How To Scrape Houzz Products Images Using Python As Well As Beautiful Soup

Today, we will see how to scrape Houzz products images data using Python as well as BeautifulSoup in an easy and stylish manner. The objective of this tutorial blog is to start on the real-world problem solving whereas keeping that very easy so that you become familiar as well as find practical results as quickly as possible.

Therefore, the initial thing we want is to ensure that Python 3 is installed and if you don’t have Python 3 installed then install it before proceeding.

So, you may install beautiful soup using:

pip3 install beautifulsoup4

We would also require the library requests, soupsieve, as well as LXML to scrape data, break that to XML, as well as utilize CSS selectors. Then install them with…

pip3 install requests soupsieve lxml

When it gets installed open the editor as well as type in:

# -*- coding: utf-8 -*-
from bs4 import BeautifulSoup
import requests

Now, let’s visit the Houzz list page as well as inspect data that we could get.

That’s how that looks:

houzz

Let’s back to the code now and try to get data through pretending that we are the browser including this:

# -*- coding: utf-8 -*-
from bs4 import BeautifulSoup
import requests

headers = {'User-Agent':'Mozilla/5.0 (Macintosh; Intel Mac OS X 10_11_2) AppleWebKit/601.3.9 (KHTML, like Gecko) Version/9.0.2 Safari/601.3.9'}
url = 'https://www.houzz.in/photos/kitchen-design-ideas-phbr0-bp~t_26043'

response=requests.get(url,headers=headers)

soup=BeautifulSoup(response.content,'lxml')

Then, save it as scrapeHouzz.py.

In case, you run that:

python3 scrapeHouzz.py

You would observe the entire HTML page.

Then, let’s utilize CSS selectors for getting the required data. To perform that let’s use Chrome as well as open inspect tool.

houzz code

Here, we observe that all these individual products data are limited in the (div with the class ‘hz-space-card’. Here, we can scrape it with CSS selector ‘.hz-space-card’ very easily.
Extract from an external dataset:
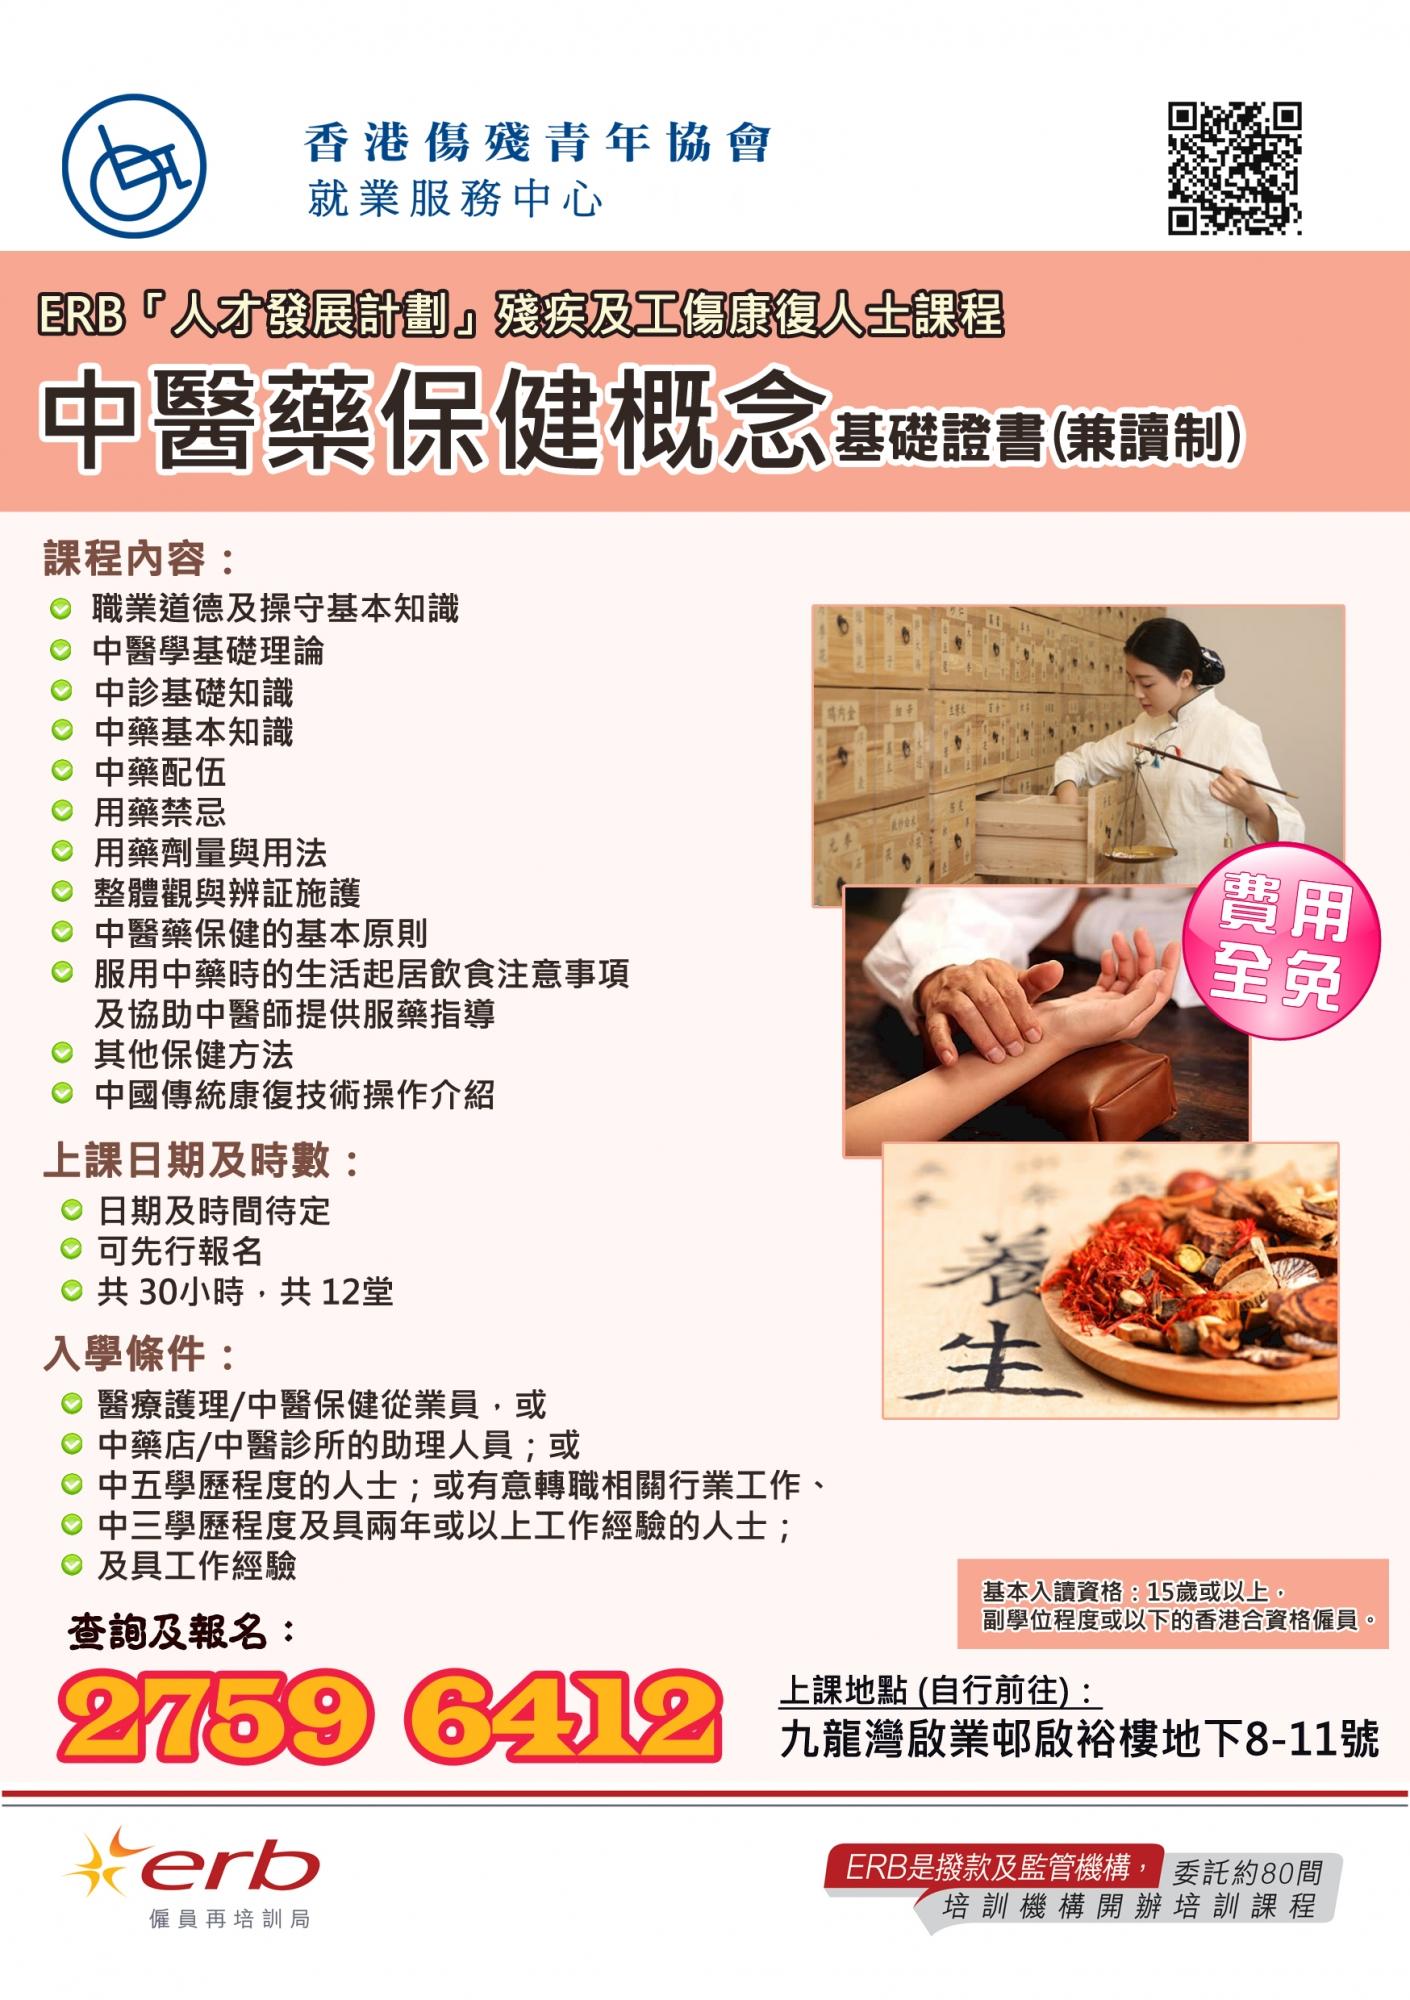 中医药保健概念基础证书(兼读制)

Therefore, that’s how a code will look like:

# -*- coding: utf-8 -*-
from bs4 import BeautifulSoup
import requests

headers = {'User-Agent':'Mozilla/5.0 (Macintosh; Intel Mac OS X 10_11_2) AppleWebKit/601.3.9 (KHTML, like Gecko) Version/9.0.2 Safari/601.3.9'}
url = 'https://www.houzz.in/photos/kitchen-design-ideas-phbr0-bp~t_26043'

response=requests.get(url,headers=headers)

soup=BeautifulSoup(response.content,'lxml')

for item in soup.select('.hz-space-card'):
  try:
    print('----------------------------------------')


    print(item)




  except Exception as e:
    #raise e
    b=0

It prints the content in all the containers, which hold the products data.

code1

Now, let’s pick classes inside the rows, which contain data we require. We observe that a title is within the class hz-space-card__photo-title, an image within hz-image, as well as so on. So, now it will look like this when we try to get Titles, images, user names as well as links to that.

# -*- coding: utf-8 -*-
from bs4 import BeautifulSoup
import requests

headers = {'User-Agent':'Mozilla/5.0 (Macintosh; Intel Mac OS X 10_11_2) AppleWebKit/601.3.9 (KHTML, like Gecko) Version/9.0.2 Safari/601.3.9'}
url = 'https://www.houzz.in/photos/kitchen-design-ideas-phbr0-bp~t_26043'

response=requests.get(url,headers=headers)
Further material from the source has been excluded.